* [STORED DATA]:
________________
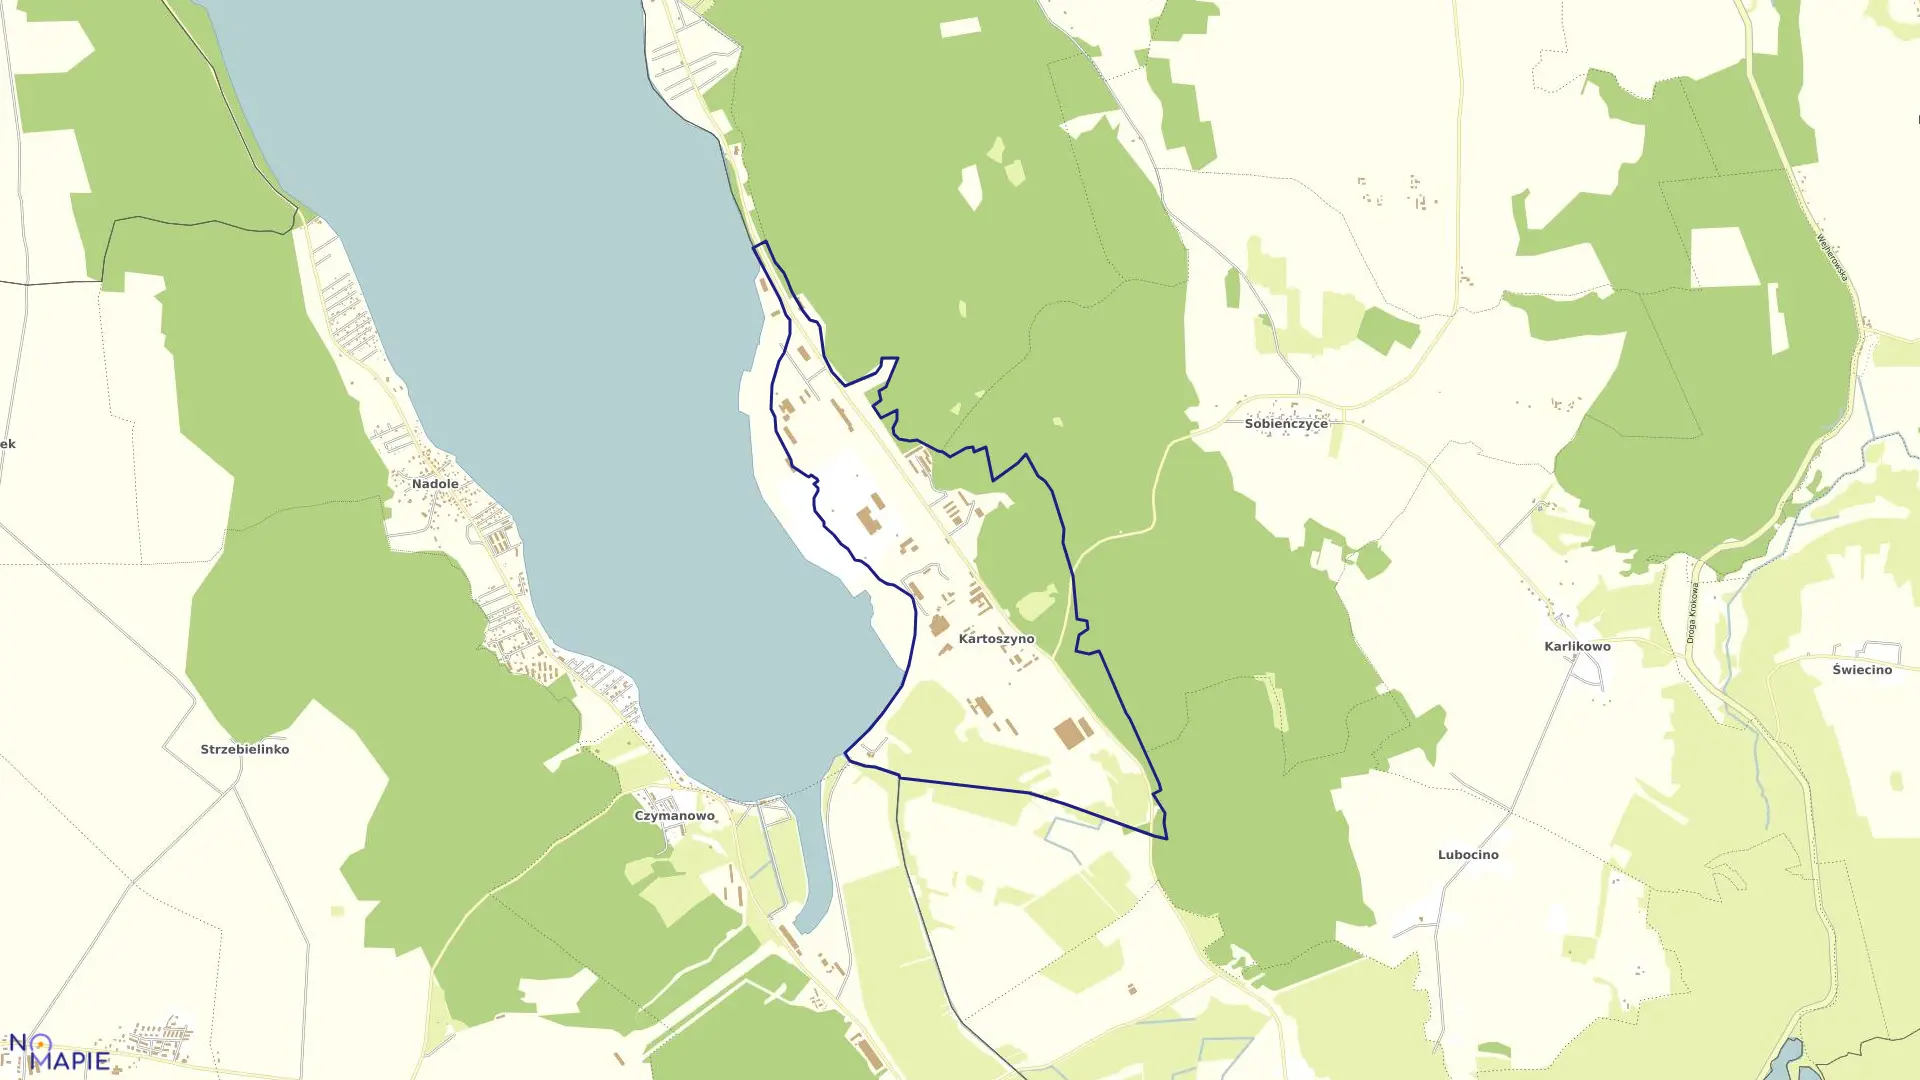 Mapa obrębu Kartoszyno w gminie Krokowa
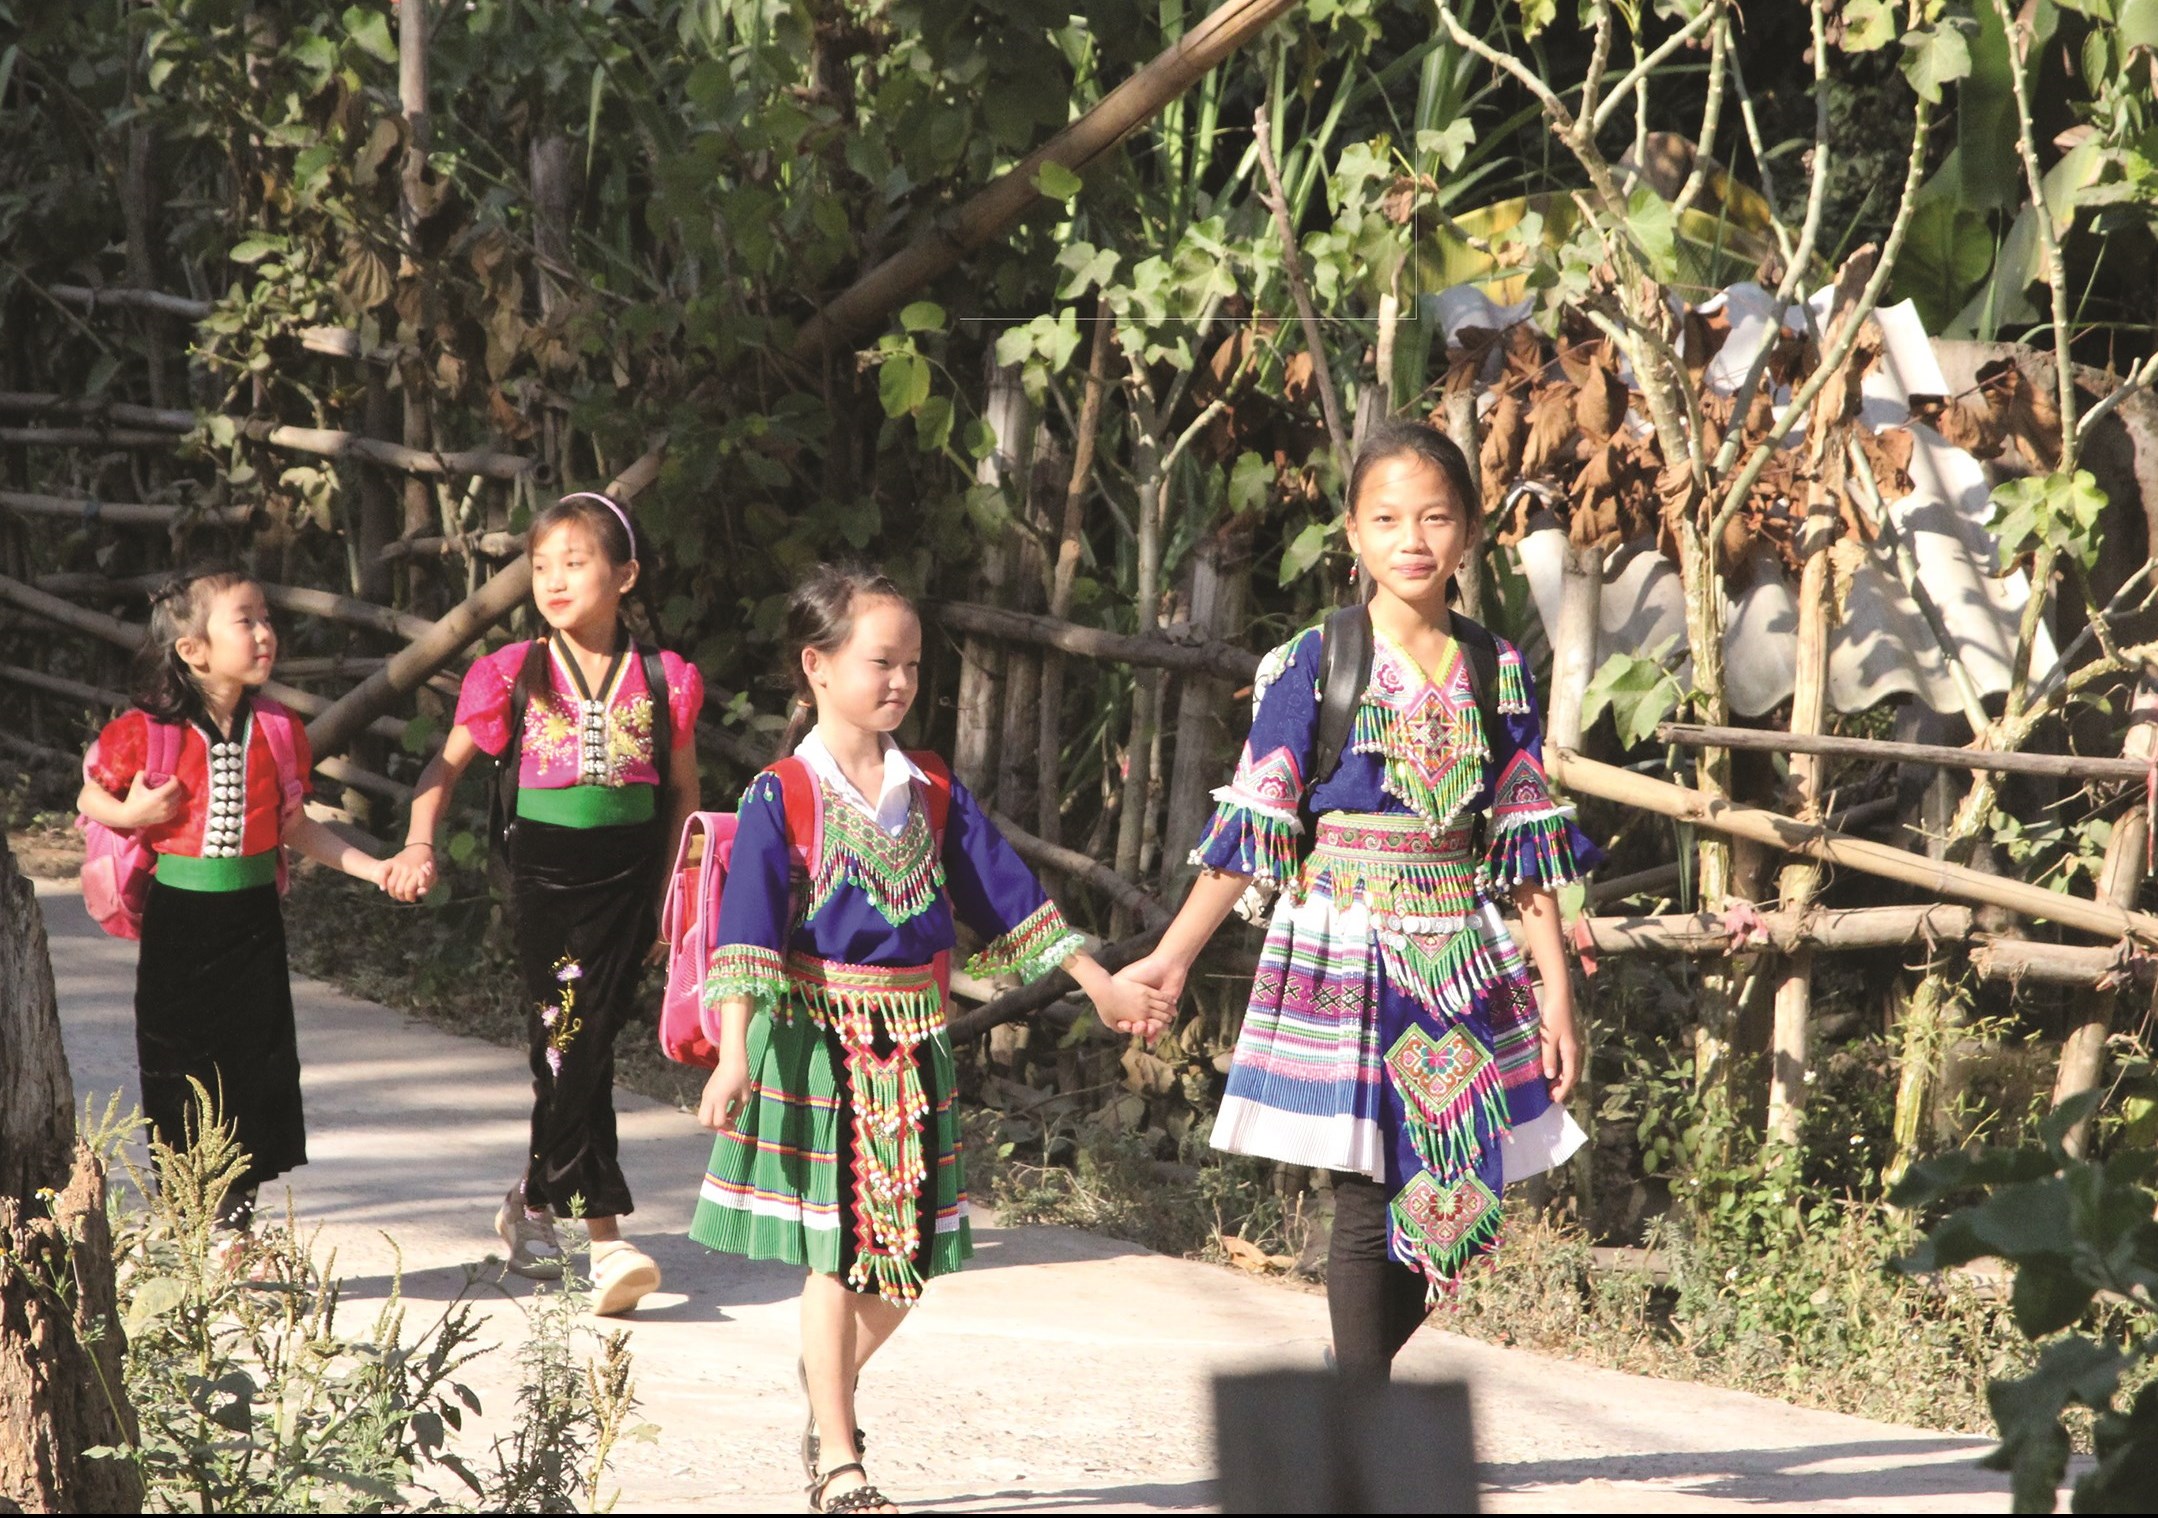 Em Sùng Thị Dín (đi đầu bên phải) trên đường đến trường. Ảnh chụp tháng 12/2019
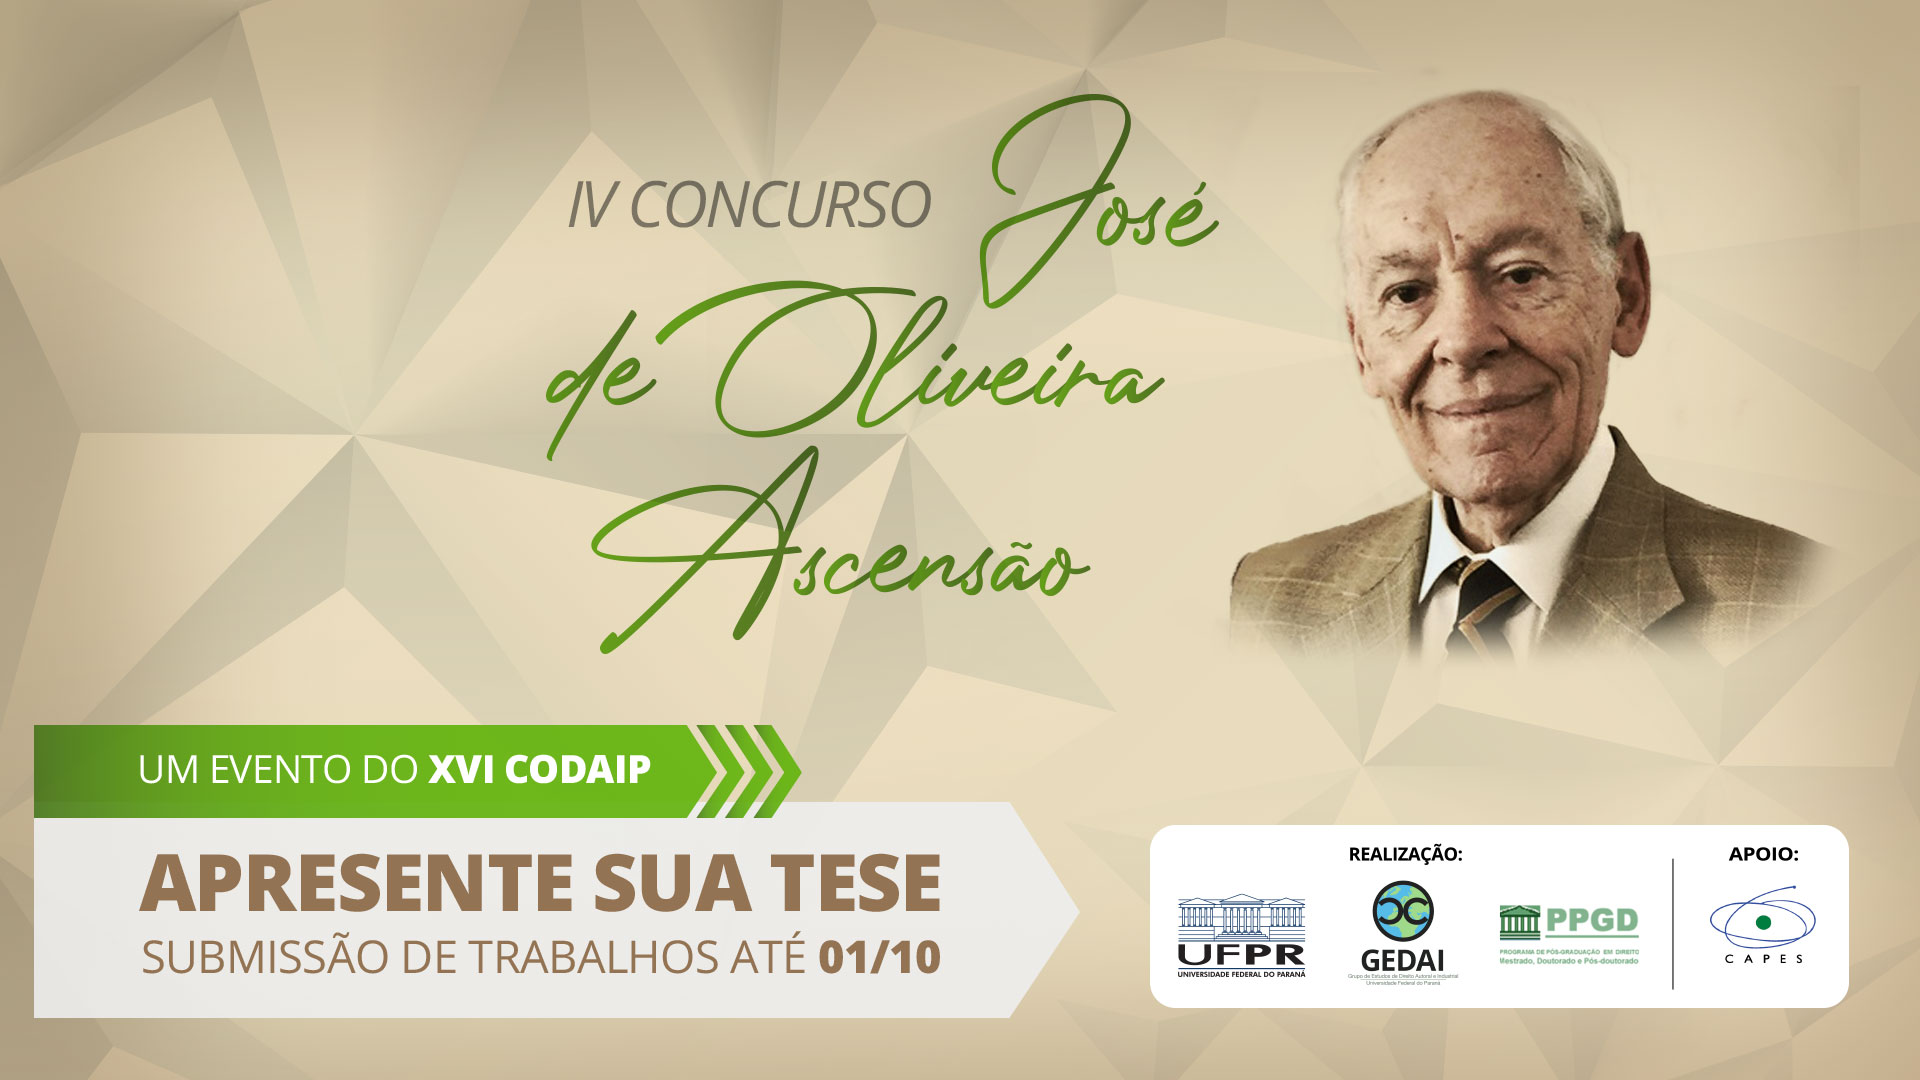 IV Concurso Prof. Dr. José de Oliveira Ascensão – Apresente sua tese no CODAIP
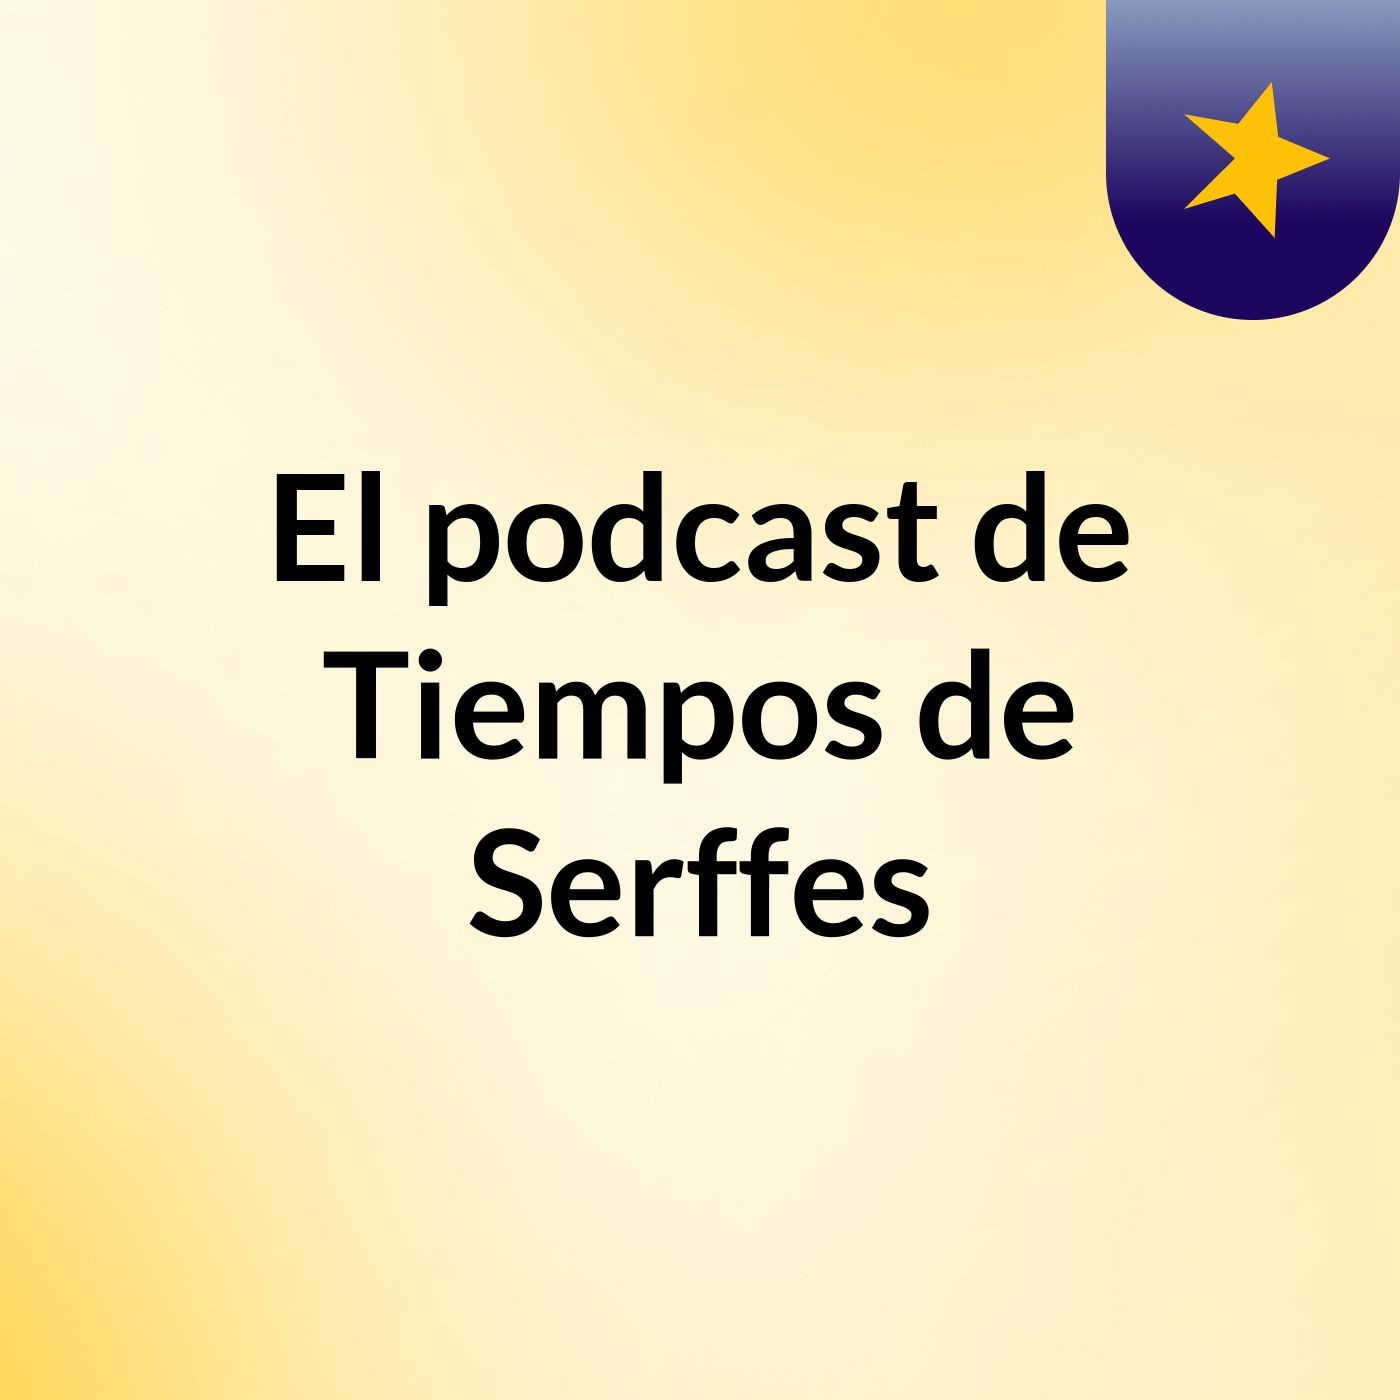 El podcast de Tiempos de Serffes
________________
* [PROBLEM]: The expected result is the complete listing above, printed exactly, with no pictures.

* [TASK RESULT]:
 Mapa obrębu Kartoszyno w gminie Krokowa
 Em Sùng Thị Dín (đi đầu bên phải) trên đường đến trường. Ảnh chụp tháng 12/2019
 IV Concurso Prof. Dr. José de Oliveira Ascensão – Apresente sua tese no CODAIP
 El podcast de Tiempos de Serffes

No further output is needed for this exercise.